# predator and alien costumes



## djgs (Mar 2, 2010)

hey scarers

this is a link to my pics on flickr of my costume 

alien 

alien pic outside club on Flickr - Photo Sharing!

PICT0611 on Flickr - Photo Sharing!

PICT0606 on Flickr - Photo Sharing!


predator

hands 4 on Flickr - Photo Sharing!

YouTube - Predator Costume (new armour test fitting)

YouTube - my new armour for my predator


----------



## bobzilla (Nov 15, 2008)

Great job !!!


----------



## Bobamaltz (Dec 27, 2009)

Did you make these? that's pretty cool i like the sculpting.
I've seen the real deal and it's a thing of beauty.
My daughter lost her mind.


----------



## ScreamingScarecrow (Oct 16, 2008)

Wow! that's one hell of a GOOD JOB!


----------



## Terra (Sep 23, 2007)

_*Whoaaaaaaaaaa*_.......... That's cool!


----------



## crazy xmas (Dec 30, 2008)

Awesome is all I can say!


----------



## Skulkin (Jul 27, 2005)

I love it!

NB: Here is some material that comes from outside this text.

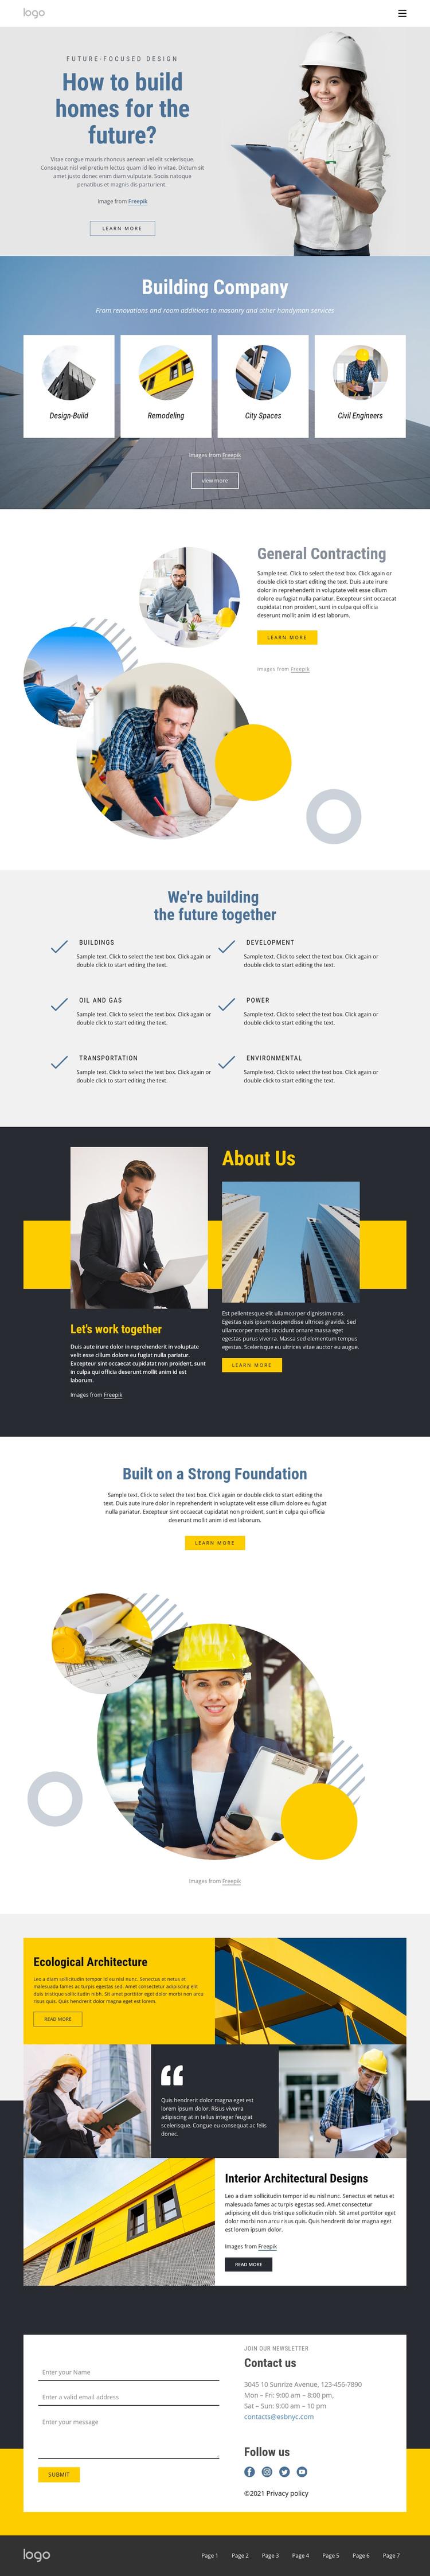 General contracting company Website Builder Software

It looks so realistic!


----------



## kittyvibe (Oct 27, 2008)

these are awesome! I was curious on the production of these. For example on the hands, if you used a base costume hand and sculpted what you wanted on there, then made a mold of it and cast in a costume rubber/latex then painted (airbrushed?) . Details would be awesome, and for us nosy types who might want to try our hand at making our own costumes, costs involved, where you got supplies, ect.


----------